Built until 1955 1/2, when the handsome new Task Force trucks appeared (maybe my second favorite truck ever), Chevy (along with GMC’s version) must have built a good couple million Loadmasters style trucks. They were everywhere, and their shadow side was of course that they were directly responsible for the decline of the independents, like the Reo, Diamond T, Studebaker and others. GM’s ability to spread development costs over such large volume made it impossible for the small guys to survive. GM couldn’t really stop its war machine, and the fifties were the final rout of the runts.

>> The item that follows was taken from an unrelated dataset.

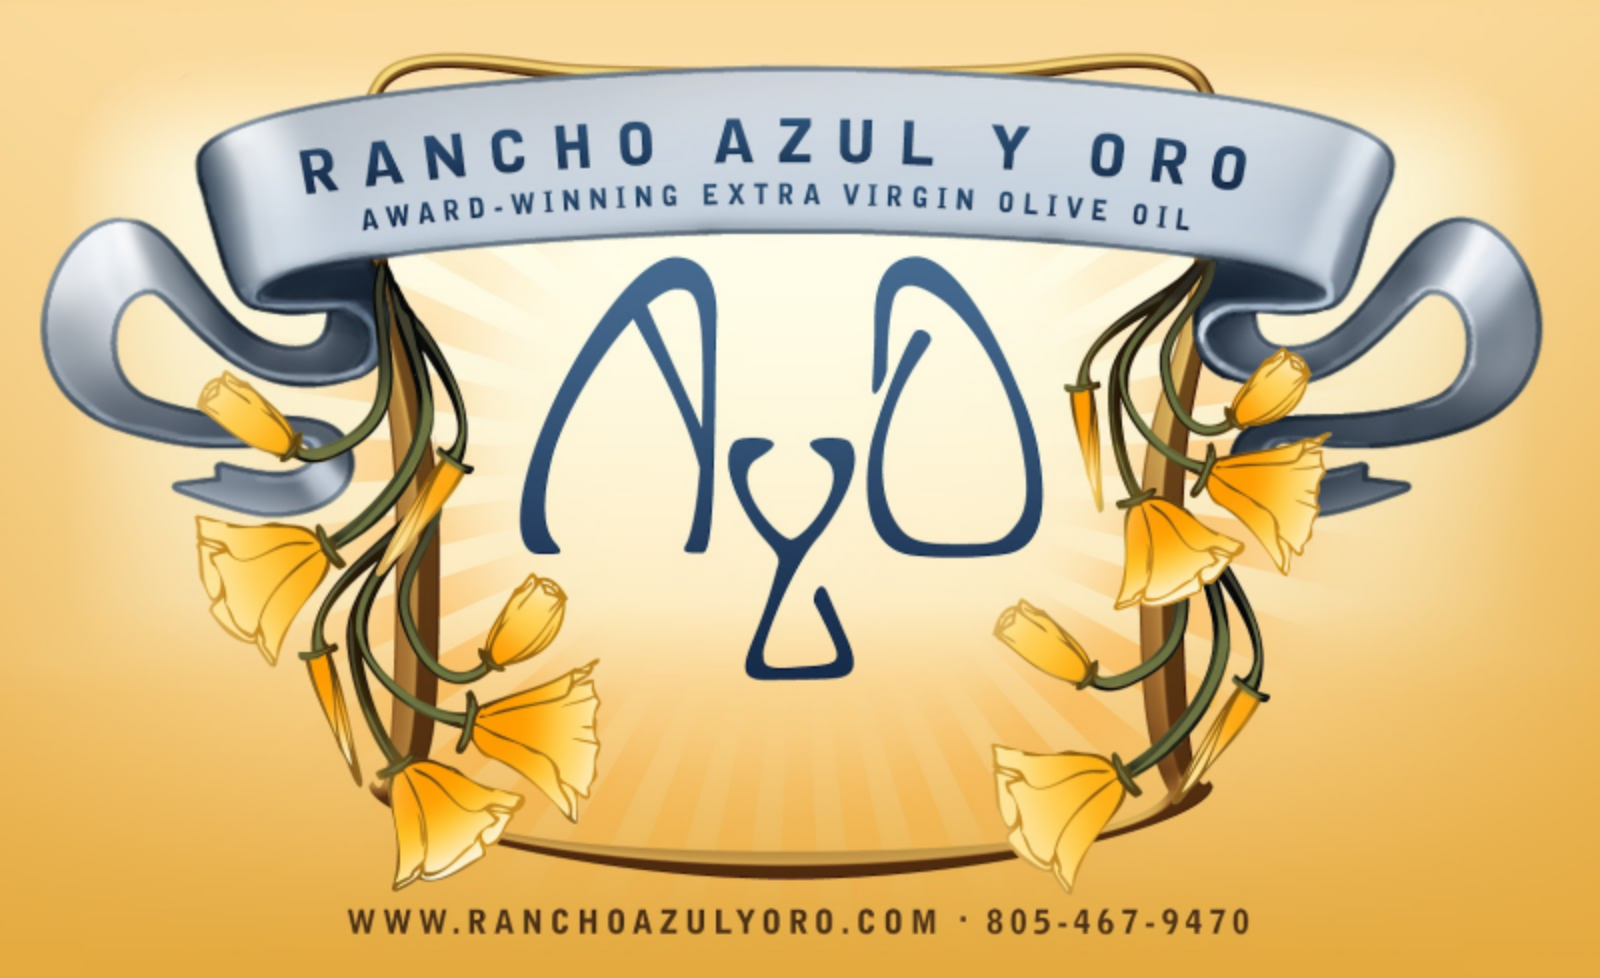 Rancho Azul y Oro
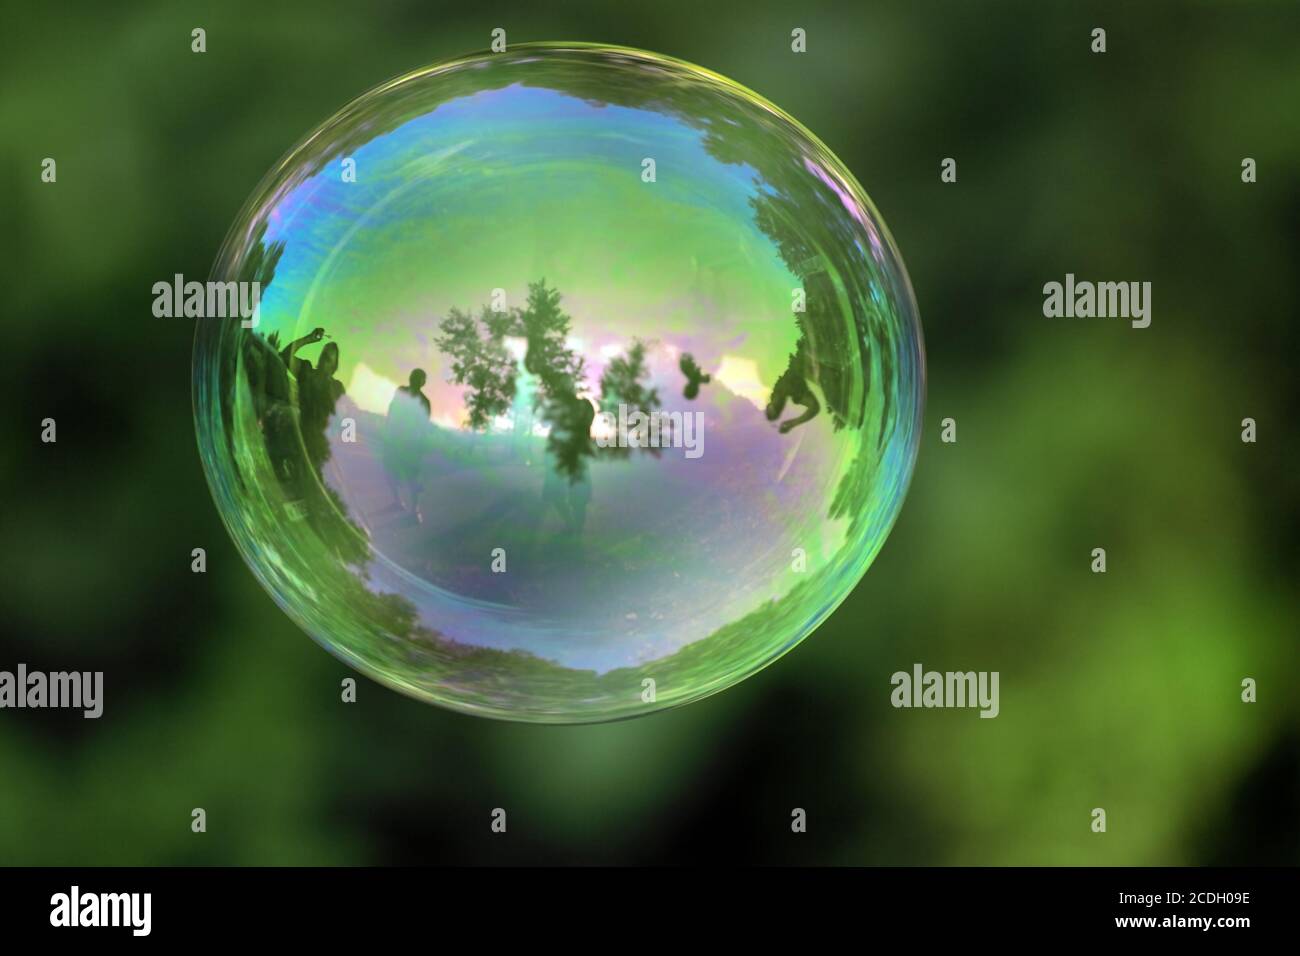 burbuja transparente con reflexiones sobre una org verde Foto de stock

But everyone likes a winner, and this Chevy certainly is that. It was built during GM’s great golden years of the early-mid fifties, when for the most part their products were highly rational as well as stylish. And well built, too. These trucks were (are, actually) about as indestructible as mass-produced products get. Thick sheet metal; no thin skins here. And durable components that can be relied on for their unwavering constancy. Chevy couldn’t just win the truck wars with fins or gimmicks; these were the real thing.

Of course, the heart of a truck lies under the hood, and here’s the Chevy’s: the venerable Blue Flame six, although I’m not sure that’s what it was being called just then (GM’s Marketing/Naming Dept. was being kept busy).  It came in 216 and 235 cubic inch sizes, and a highly-sought long-stroke 261 CID version also joined the Blue Flame party sometime along the way, nearer to the end of the Loadmaster’s run. That’s the one to have!

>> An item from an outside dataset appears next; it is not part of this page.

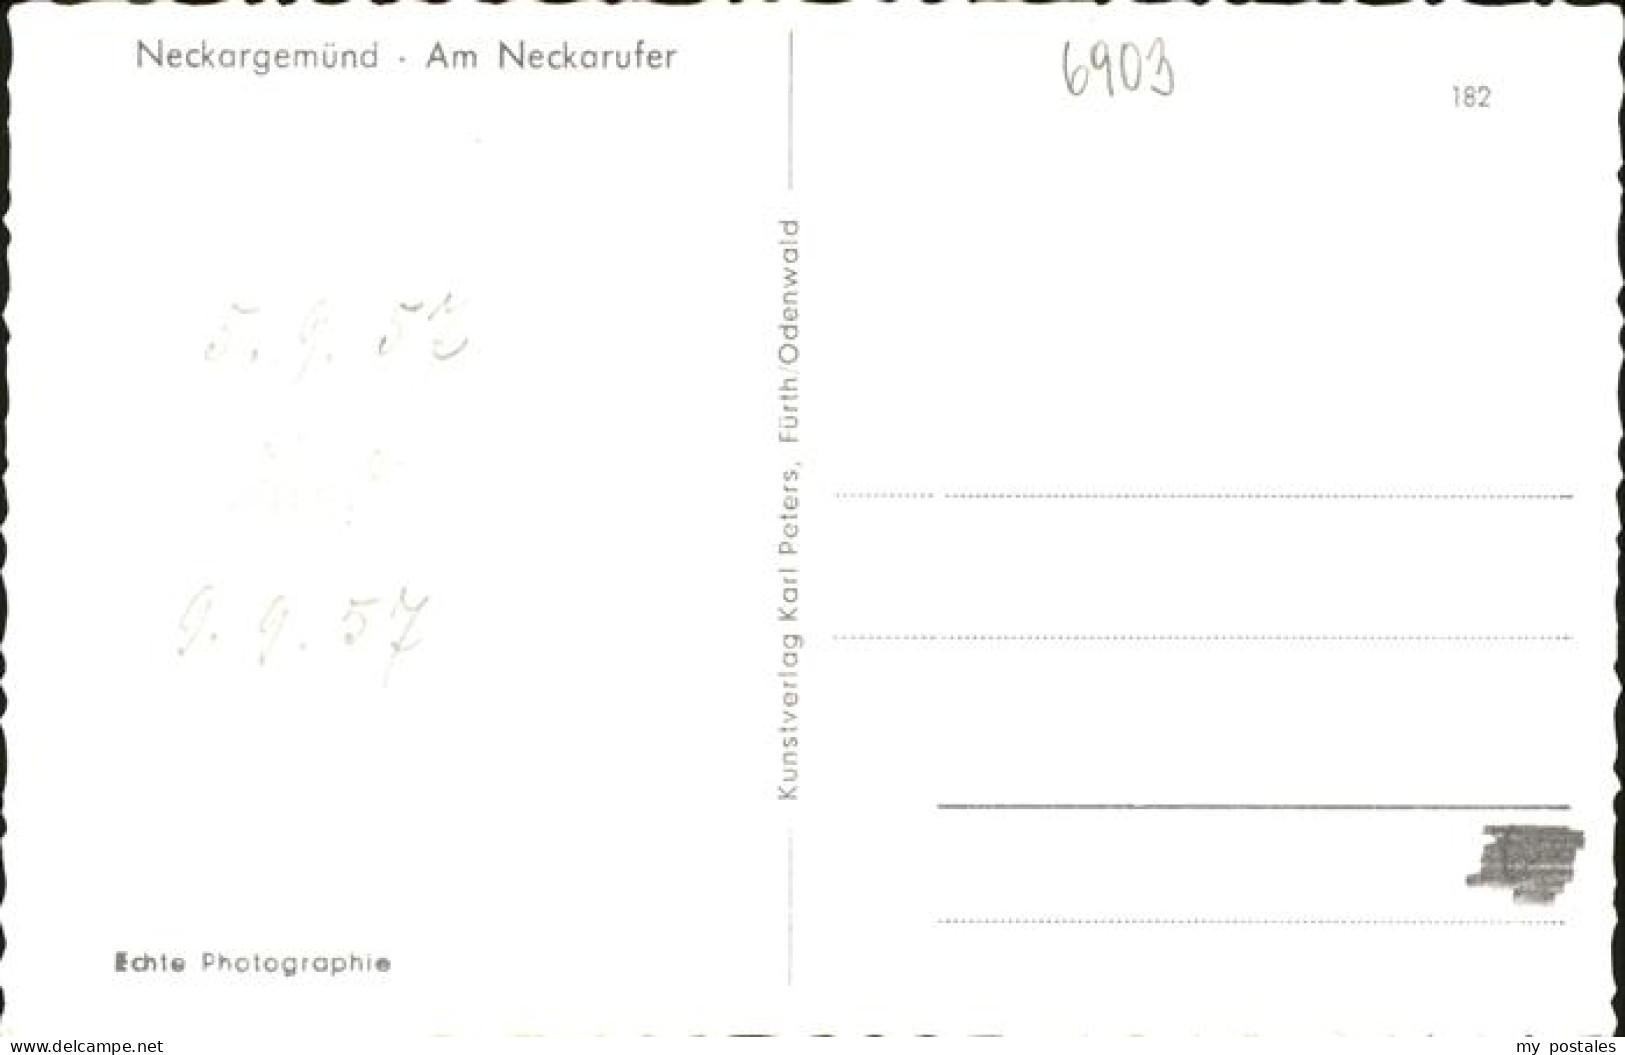 41258370 Neckargemuend Neckarufer Neckargemuend - Neckargemuend

Here’s the port side of the OHV six, which dates back to 1937. Look, this one has been updated with an alternator too! It’s ready to get back to work, and when it does, it won’t be rushed. These old Chevys have a most pleasant moan under load; well, moan is not exactly the right word. I’ve been struggling to find the right way to express in words how a Chevy six at full chat sounds for decades; but it’s a reassuring sound, like being sung into your ear “we’ll always get there, eventually, and no; I won’t let you down”.

Well, time to get some other real work done. But I’d love to take this Chevy out for spin today, though. It would be nice to hear some of its reassuring thick-skinned self-confidence.